On December 14, 2021, the Equal Employment Opportunity Commission (“EEOC”) supplemented its guidance concerning COVID-19, the Americans with Disabilities Act (“ADA”), the Rehabilitation Act, and other Equal Employment Opportunity (“EEO”) Laws to confirm that COVID-19 can qualify as a disability under any of the three “disability” definitions in the ADA. 

COVID-19 can be—but is not always—an actual disability under the ADA if it causes a physical or mental impairment that substantially limits one or more major life activities. Similarly, a person with a history of COVID-19 may qualify as a person with a “record of” a disability under the ADA. Pre-existing conditions worsened by the virus may also qualify an employee for protection under the ADA.

The EEOC cautioned that an individualized assessment is always necessary to determine whether the effects of a person’s COVID-19 substantially limit a major life activity, such as breathing, concentrating or interacting with others.
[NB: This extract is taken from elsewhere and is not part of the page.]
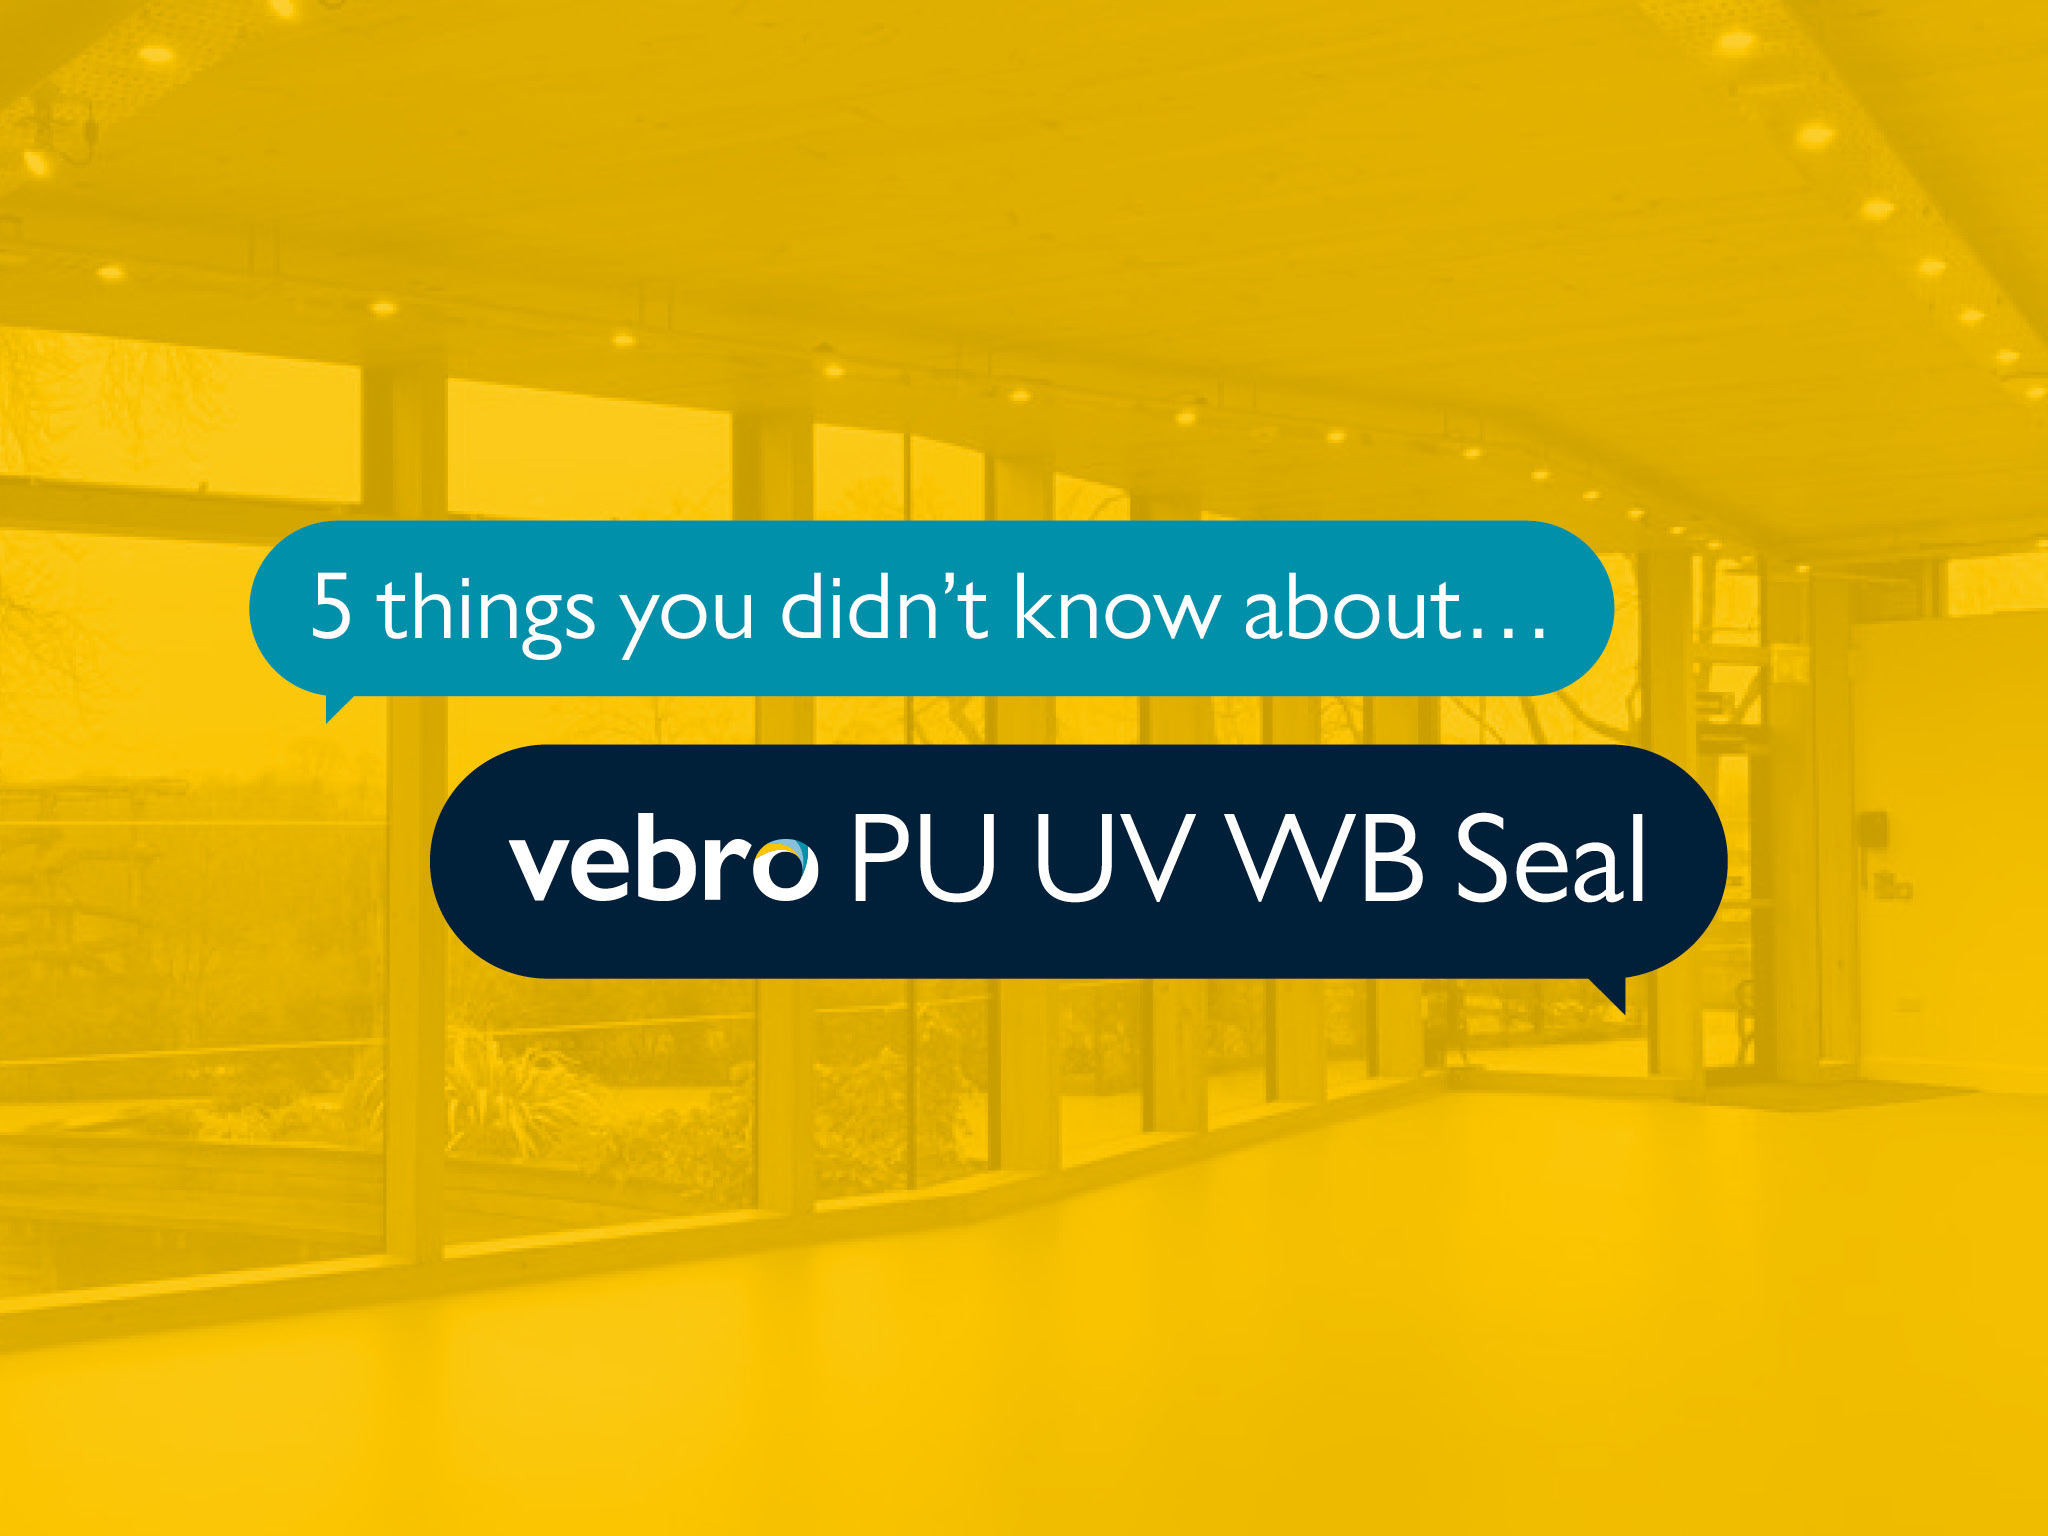 5 things you didn't know about vebro PU UV WB Seal

However, the limitations from COVID-19 do not necessarily need to be consistent or long-term to be substantially limiting. 

For example, an individual who experiences ongoing intermittent headaches, dizziness and brain fog attributed to the virus may qualify as disabled. An individual diagnosed with COVID-19 who experiences heart palpitations, chest pain and shortness of breath attributable to the virus may also qualify as disabled. However, an employee diagnosed with COVID-19 who is asymptomatic or whose symptoms resolve within a few weeks with no further effects likely does not qualify as disabled, even if the employee is subject to isolation during the period of infectiousness.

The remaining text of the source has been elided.